The attorney general isn't the bodyguard for the president. The attorney general doesn't exist to protect the president.

And stuff like -- reading stuff like this, it always reminds me of that scene in "CASINO" where Robert De Niro is dealing with a broken slots machine that one of the floor managers hasn't fixed and people have been playing it. And he is firing the floor manager and his argument is I knew you were too stupid to be in on it or you were in on it. Either way, you can't be trusted.

And I'm reminded of that scene a lot reading reports like this. Either the president doesn't understand what the attorney general does, or he does and doesn't care. Either way, he's not a person to be trusted, and that's my takeaway from it.

ROMANS: What do you think -- I mean, Trump supporters -- diehard Trump supporters -- people who may not have been politically active before -- the people who voted him into office -- do you think that they look at this and they say, yes, he's blowing up the place -- awesome?

ADAMS: I think, yes, there isn't going to be a health contingent. A significant number of his supporters are going to be supportive of this. They're going to say well, you know what, it was broken from the inside. It needs to be shaken up.
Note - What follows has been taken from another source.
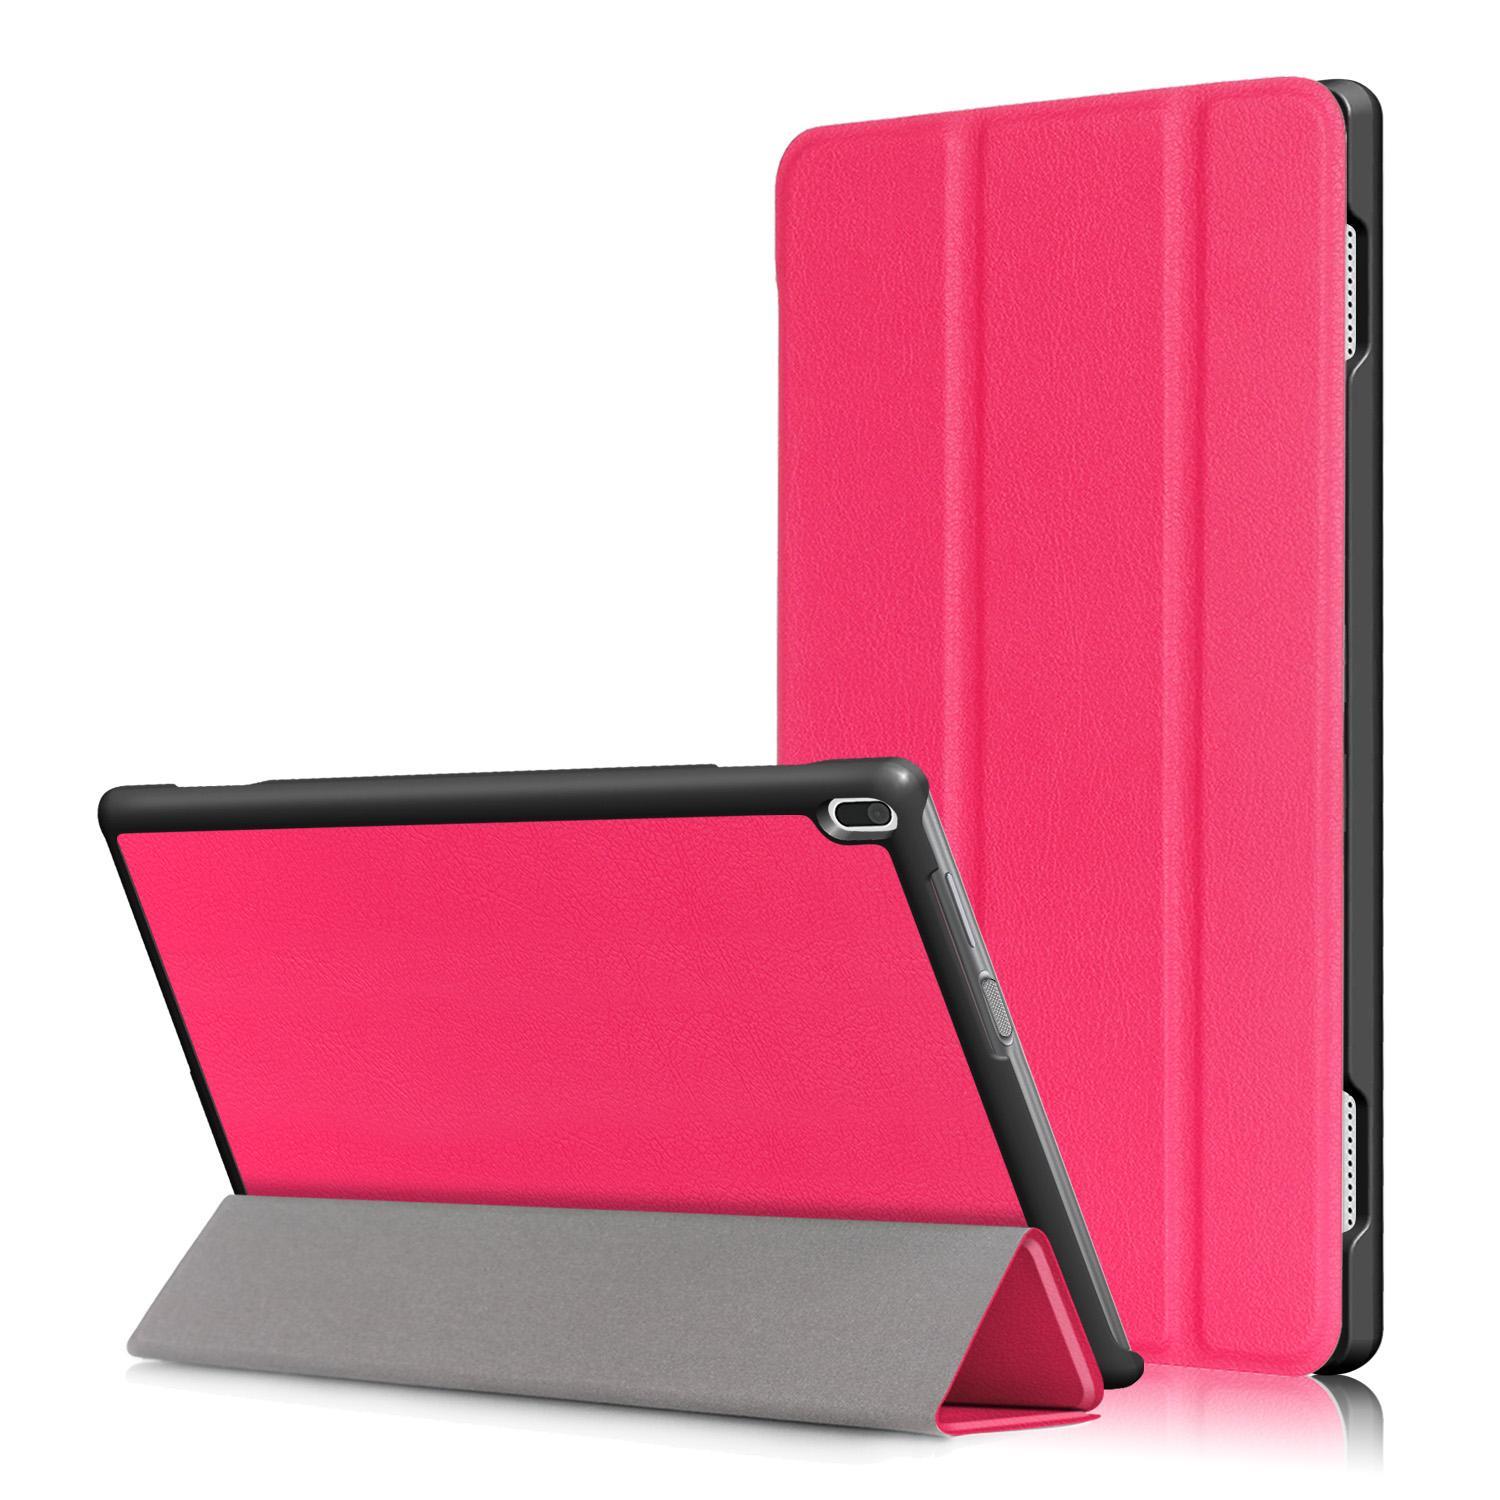 MCC For Lenovo Tab 4 10" Tablet Smart Leather Case Cover TB-X304 F/N Tab4 inch [Magenta]

He was voted -- he was voted as a destructor. People voted him in because he said I'll be a bull in a china shop. And it -- we shouldn't be surprised that, you know, people are happy that he's not just wrecking the kitchen, but he's also wrecking the living room.
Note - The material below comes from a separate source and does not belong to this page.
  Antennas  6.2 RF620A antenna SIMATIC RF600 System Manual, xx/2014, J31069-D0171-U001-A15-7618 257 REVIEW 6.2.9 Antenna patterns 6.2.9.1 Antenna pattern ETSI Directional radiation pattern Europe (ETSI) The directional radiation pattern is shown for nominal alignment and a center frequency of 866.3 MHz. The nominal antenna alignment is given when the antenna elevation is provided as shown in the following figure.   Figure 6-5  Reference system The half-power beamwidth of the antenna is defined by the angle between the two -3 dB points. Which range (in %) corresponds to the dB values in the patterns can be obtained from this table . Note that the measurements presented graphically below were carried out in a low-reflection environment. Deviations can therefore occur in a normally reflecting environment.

BRIGGS: All right. Well, if it weren't a snow day I'd be going straight home and watching "CASINO," but the kids are home. It's a little inappropriate for them.
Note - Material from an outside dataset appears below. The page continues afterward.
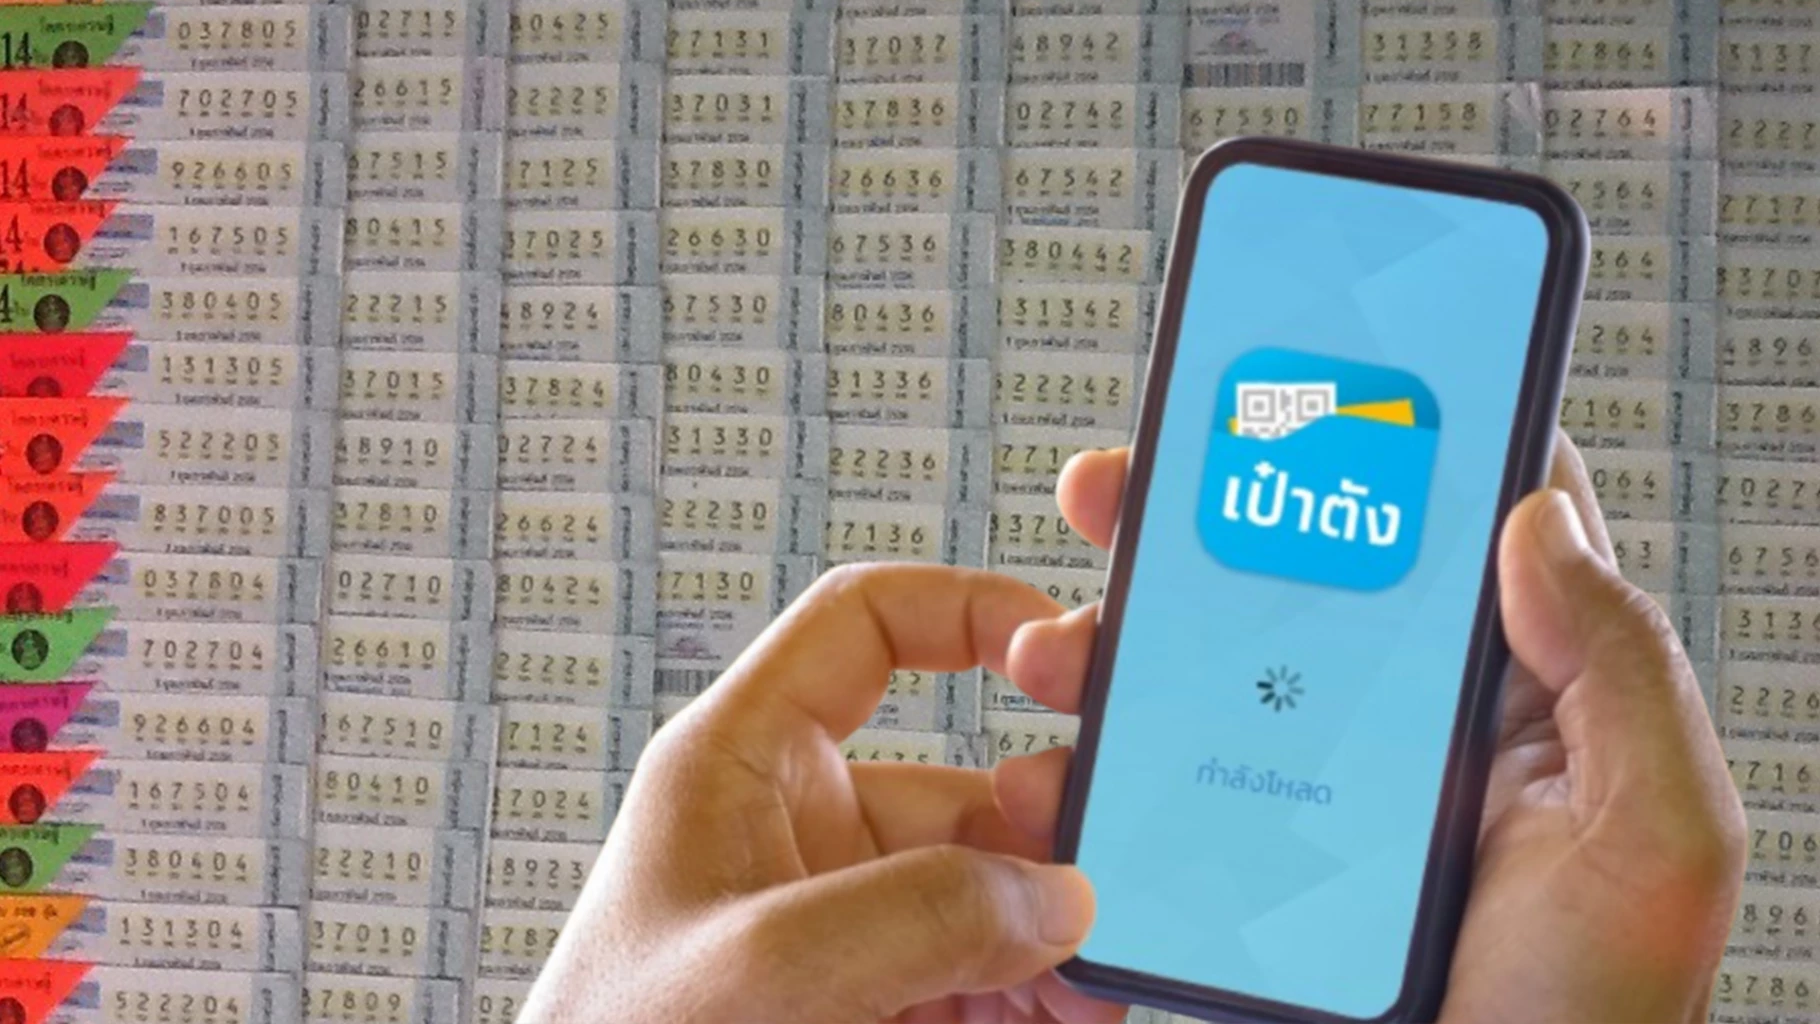 Government Lottery to Sell Lottery Tickets for 80 Baht Via the Pao Tang Mobile App

ROMANS: A lot inappropriate.

ADAMS: Get the edited version from Hulu.

BRIGGS: It sounds good.

Becket Adams from "The Washington Examiner."

ROMANS: Nice to have you.

BRIGGS: Have a good weekend.

ADAMS: Thanks for having me.

BRIGGS: All right.

Steve Bannon's influence moving forward looking murky. A source family with the matter tells CNN there is a hard push to convince executives at "Breitbart" to fire him. Bannon is executive chairman of the alt-right Web site.

Here's the White House take.


UNIDENTIFIED MALE: Should "Breitbart" part ways with Steve Bannon after the comments in this book?

SANDERS: I certainly think that it's something they should look at and consider.


[05:45:00] BRIGGS: Rebekah Mercer, a conservative mega donor who owns a stake in "Breitbart" ripped Bannon in a rare public statement. The Mercer family has funded Bannon's projects for years but those dollars could dry up now.

Now, Steve Bannon has said on the radio there is no daylight between the president and "Breitbart." We will continue to support his policies. We'll see.

Does he stay? Time will tell.

ROMANS: All right, 47 minutes past the hour.

Time will also tell about how the jobs were at the end of 2017. The December jobs report comes out in just a few hours. What to expect, next.

(COMMERCIAL BREAK) ROMANS: All right, 2017 was a pretty good year to get a job in America. But wage growth, well, that's another story.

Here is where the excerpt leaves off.